Beware of counterfeit medicinesBy Rafael Castillo
Philippine Daily Inquirer
Filipinos, like many people around the world, are generally bargain hunters. Many times, we even buy things we don’t actually need just because we got them on sale. Sadly, the same attitude is prevalent when availing of supposedly “bargain prices” for the medicines we take.
Many are made to believe that these medicines are real but cheap because they’re manufactured in countries like India or Pakistan where the cost of medicines is only a fraction of the cost here. Little do they suspect they’re buying counterfeit medicines which may be no better than placebos or so-called dummy pills, because they’re totally ineffective, and possibly unsafe, too.
This situation may not be so life-threatening if one is taking a medicine for indications like skin whitening, or say, erectile dysfunction or impotence (although the frustration can also be disastrously damaging to one’s mental health), but if one were relying on the drug to protect him from a serious medical problem like a very high blood pressure, severe heart disease or a life-threatening infection, then the problem of counterfeit medicines can really be a serious issue.
Counterfeit medicines have been a recurrent problem in the Philippines and in other countries wherein patients and end-users are accustomed to buying their medicines even without a doctor’s prescription, and from sources which make them believe they’re getting the real medicine for a much-reduced price.
From the naked eye’s point of view, the look of the product including the packaging is like the real thing. But that’s where the similarity stops. The actual ingredient and the quality with which the product was manufactured are much different. “It’s hard for consumers to determine what’s real and what’s fake,” said Scott Davis of Pfizer, during a recent media forum on this problem.
According to the Philippine Food and Drug Administration (PhilFDA), antihypertensive and anticholesterol drugs, medicines for erectile dysfunction, steroid preparations and antibiotics are the commonly counterfeited drugs in the country that are being sold even in some licensed drugstores.

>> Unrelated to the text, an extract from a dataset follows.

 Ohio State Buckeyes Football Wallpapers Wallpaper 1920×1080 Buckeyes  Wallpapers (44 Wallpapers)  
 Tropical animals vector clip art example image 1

The peddlers of these counterfeit products are not only opportunists but ruthless criminals as well. It is likely that they have indirectly killed a lot of patients who thought they were taking real medicines. How many patients may have succumbed to a stroke or heart attack because of the ineffective drugs they have been taking to control their hypertension and high cholesterol? How many patients may have died from progression of their infection because of inadequate content of their antibiotic preparations? These patients have been deprived of the benefits and protection of the drugs they were prescribed. And how many patients may have developed serious adverse reactions due to the substandard ingredients used in manufacturing the fake drugs?
We have existing laws that sanction those who manufacture counterfeit drugs, but the penalties are not heavy enough to discourage these criminals. They’ll willingly pay the few hundred thousands of penalty and risk being put in prison for six months to a few years with the prospect of earning hundreds of millions with several container vans of counterfeit medicines manufactured in other countries and brought here for distribution. The sad part of it all is that according to a PhilFDA representative, no one has ever been convicted in the country so far because of counterfeit medicines. It would be no wonder if these counterfeit criminals would consider countries like the Philippines a haven for them.
Public info campaign
There must be a united front against counterfeit medicines. There must be a public information campaign to draw awareness to the problem and doctors must educate their patients about the hazards of being deceived by those who tell them they can supply their essential medicines at a much lower cost.
The public should also be warned about unscrupulous Internet sources, dubbed as the counterfeit drugs’ “transit network.” They usually have attractively designed websites with authoritative looking professionals pretending to be doctors, advertising certain products.
Cases of suspicious counterfeit sources must be reported to the PhilFDA which must make sure its lack of manpower is not an obstacle that prevents it from acting promptly to investigate alongside other government agencies with police powers these illegal sources.
Our legislators should also review our laws against counterfeit medicines and give them more teeth that can send shivering signals to those who may consider peddling counterfeit medicines as a lucrative source of business with a modest risk of penalty.
When patients die from their serious medical condition, it’s bad enough but when they die because they failed to be protected by the medicines they were supposed to take, there’s no reason good enough in a sane world to explain it.